Santau, A.O., Secada, W., Maerten-Rivera, J., Cone, N. & Lee, O. (2010). US Urban elementary teachers’ knowledge and practices in teaching science to English language learners: Results from the first year of a professional development intervention. International Journal of Science Education, 32(15), 2007–2032.
Teachers of English language learners face the dual challenge of helping students to learn the academic content of science and to acquire English language proficiency. Elementary teachers, meanwhile, face the additional challenge of responding to new teaching requirements outlined within reform initiatives with an often limited understanding of science and its practices.

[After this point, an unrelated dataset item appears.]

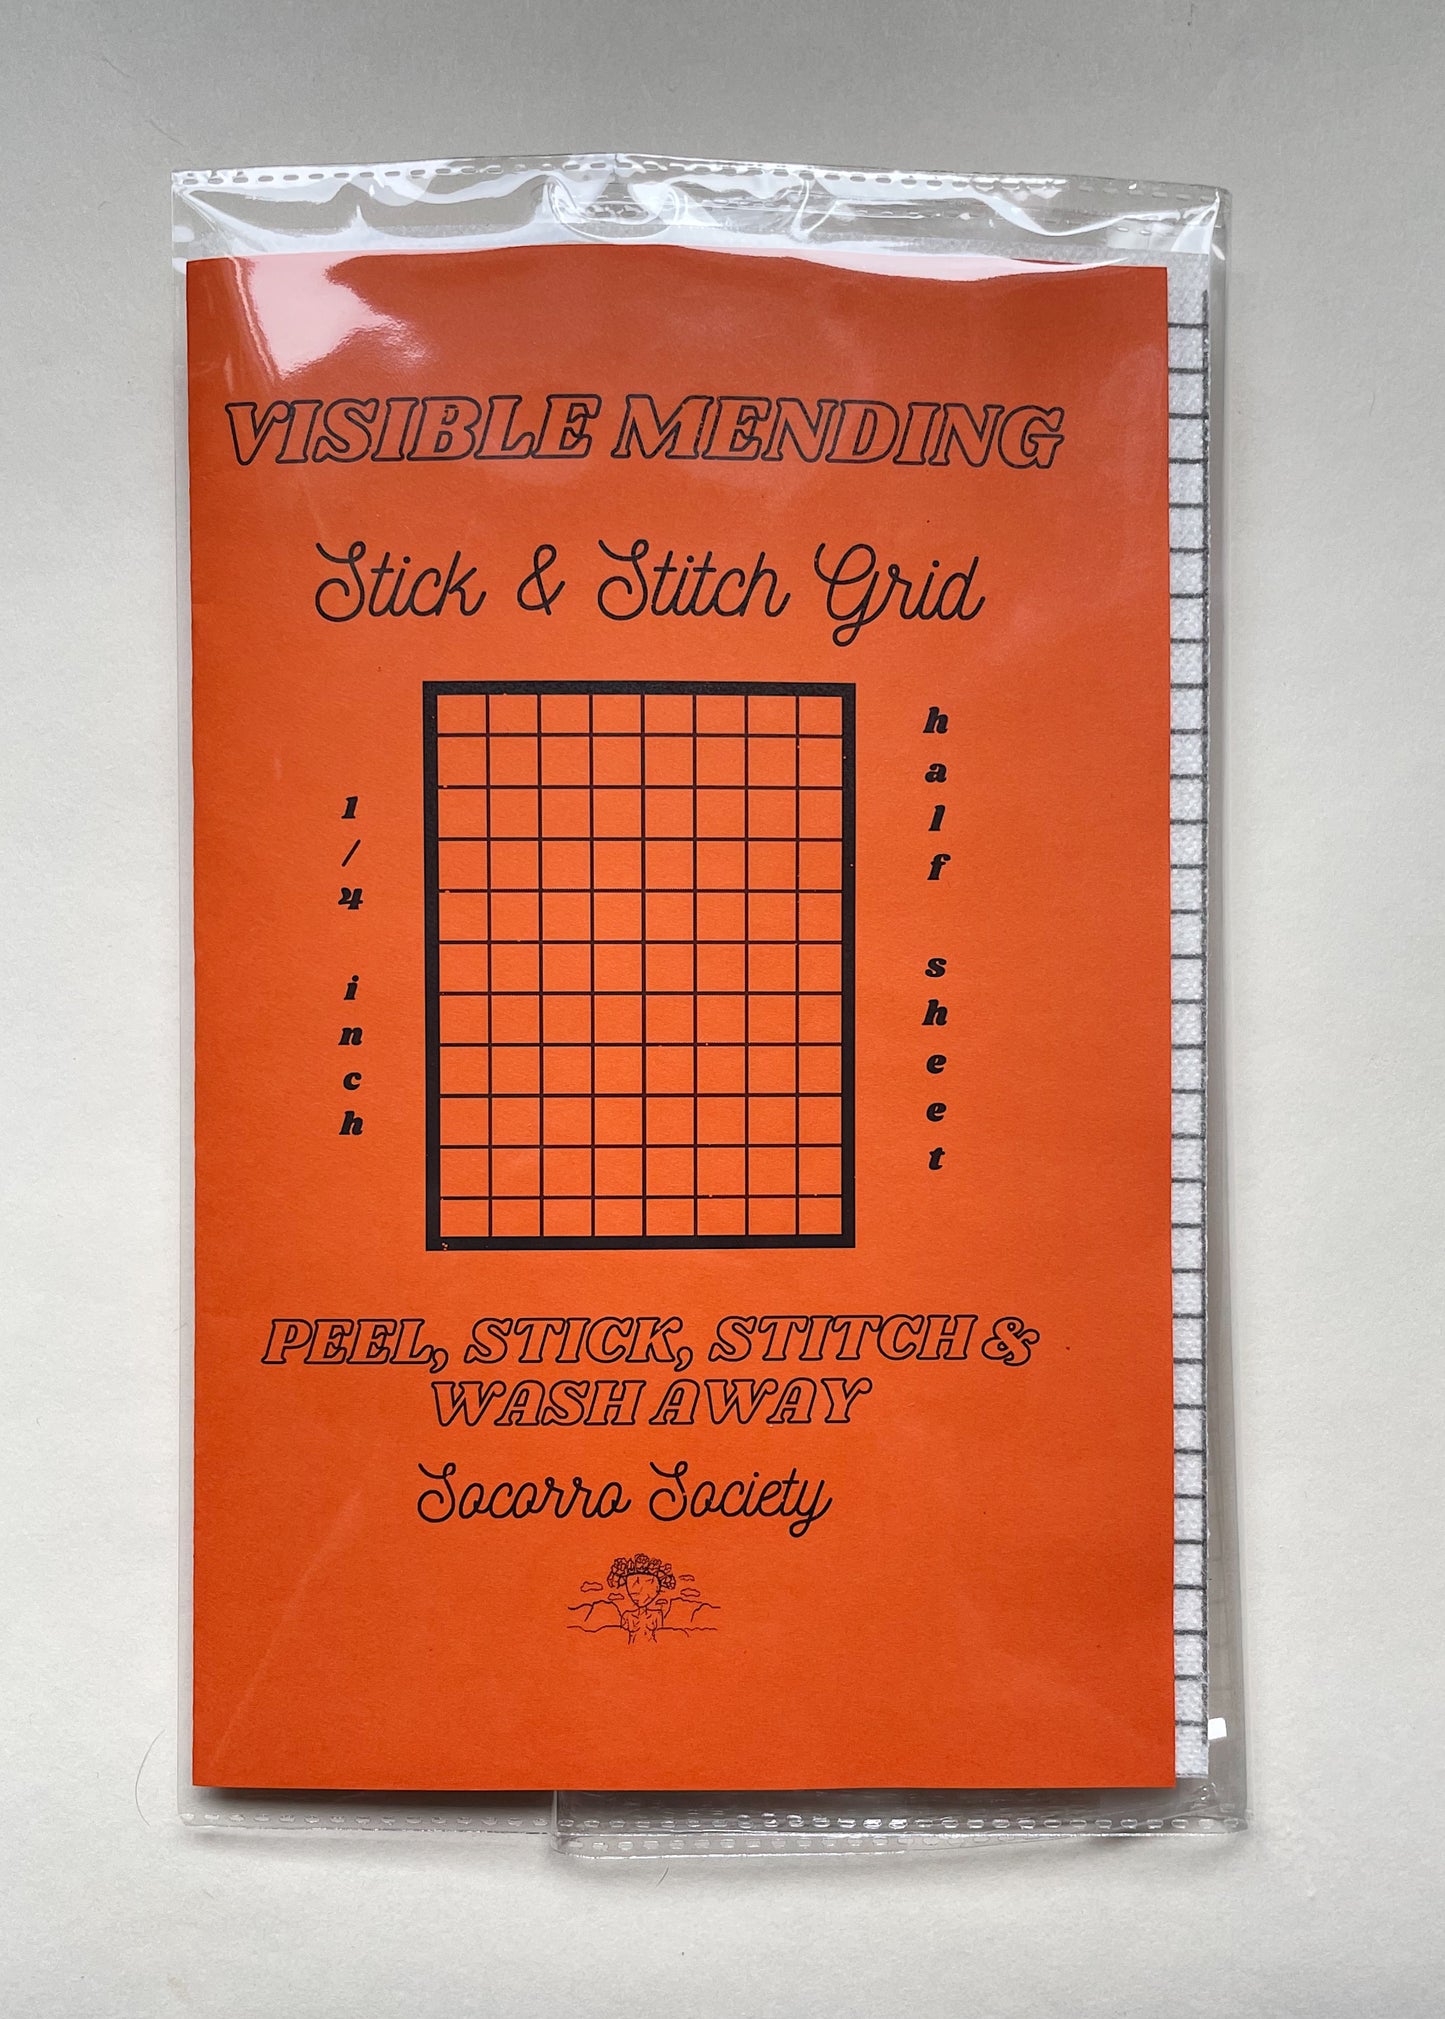 Visible Mending Stick and Stitch Grid 1/2 sheet
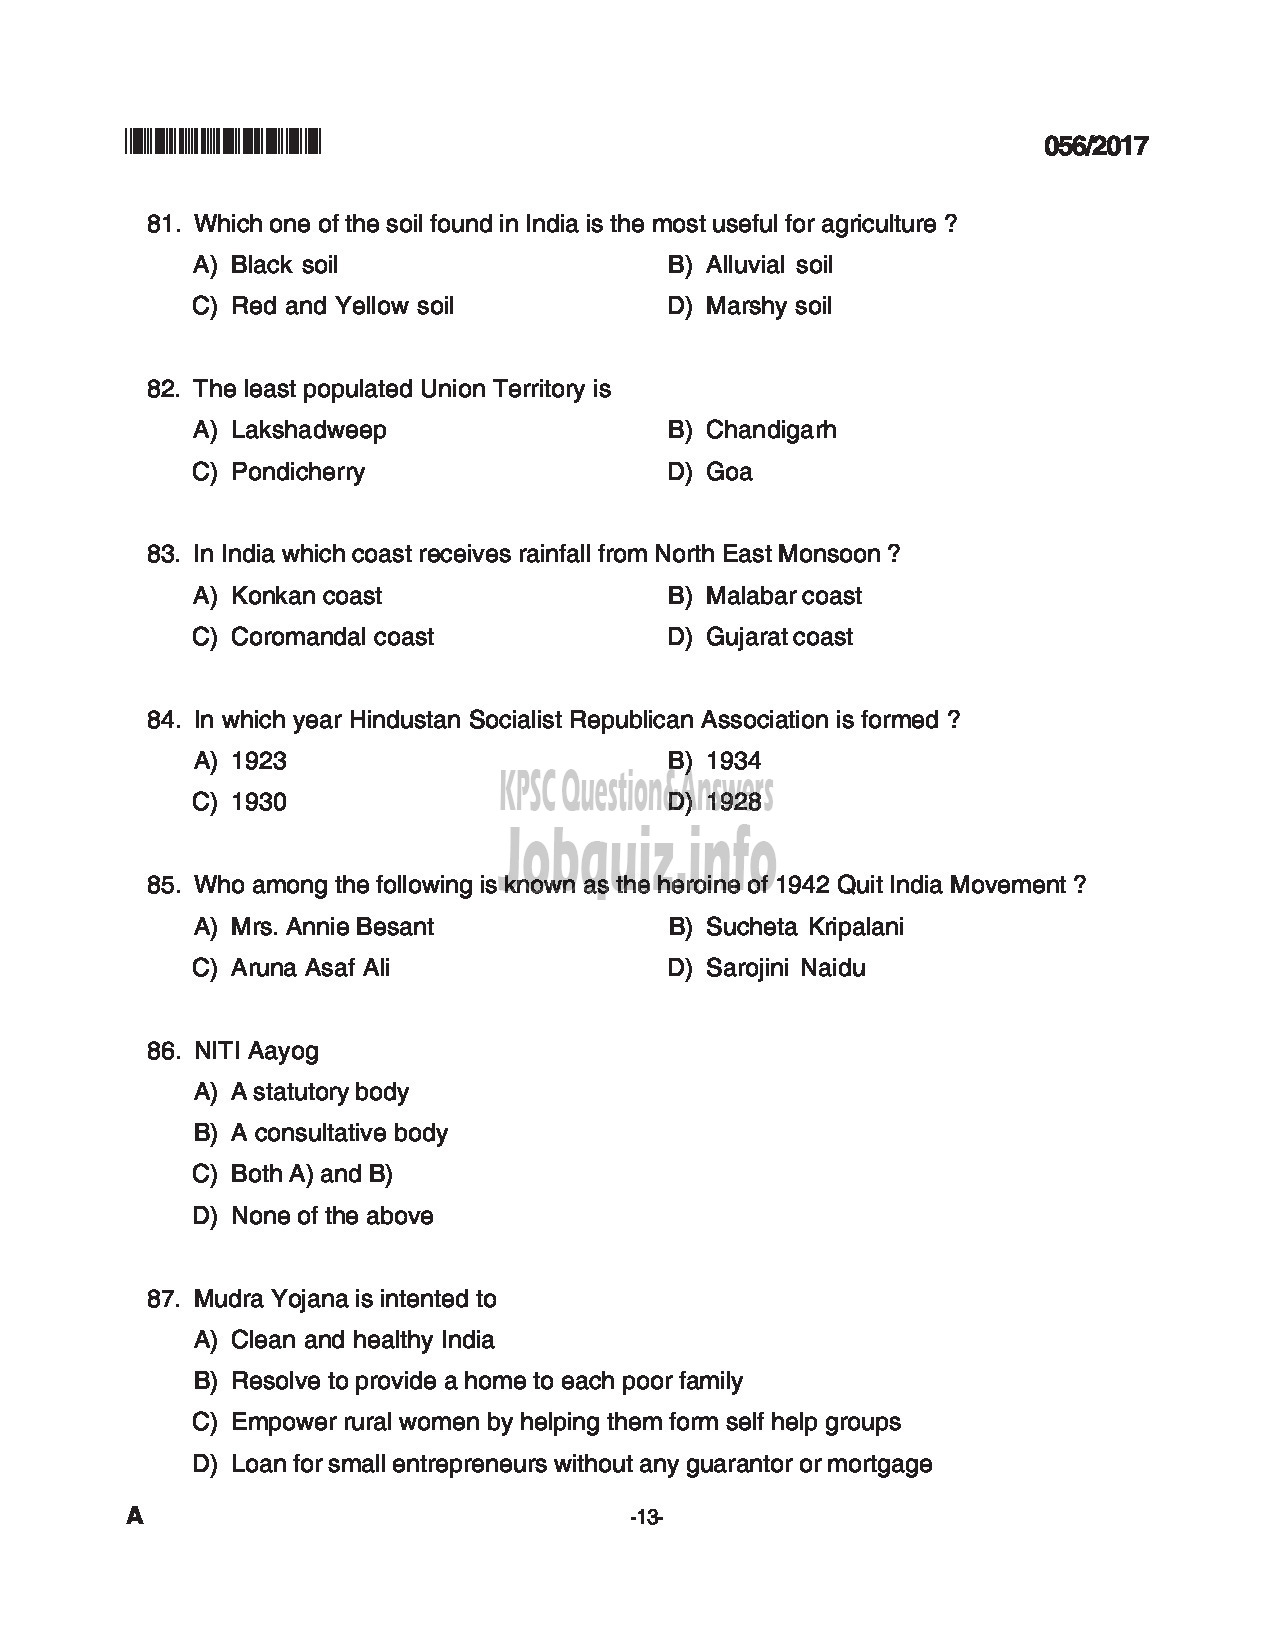 Kerala PSC Question Paper - PHARMACIST GRADE II INSURANCE MEDICAL SERVICES QUESTION PAPER-13

The study reported in this paper sought to examine these issues (and also a comparison of teacher’s knowledge and practice between grade levels) as part of the analysis of a long-term professional development initiative for urban elementary schools. The professional development (PD) sought to enhance teacher knowledge of science content, teaching practices, inquiry processes, and teaching practices in science to support English language development.
Kind, V. (2009). Pedagogical content knowledge in science education: Perspectives and potential for progress. Studies in Science Education, 45(2), 169–204.
Debate surrounding the definition of pedagogical content knowledge (PCK) has limited its use in guiding teacher practice and teacher education. To help trainees acquire the unique skills of expert teachers in translating content for learners, this paper argues that an explicit focus on PCK (rather than an emphasis on subject matter knowledge) is needed.
Hidi, S., & Renninger, K. A. (2006). The four-phase model of interest development. Educational Psychologist, 41(2), 111–127.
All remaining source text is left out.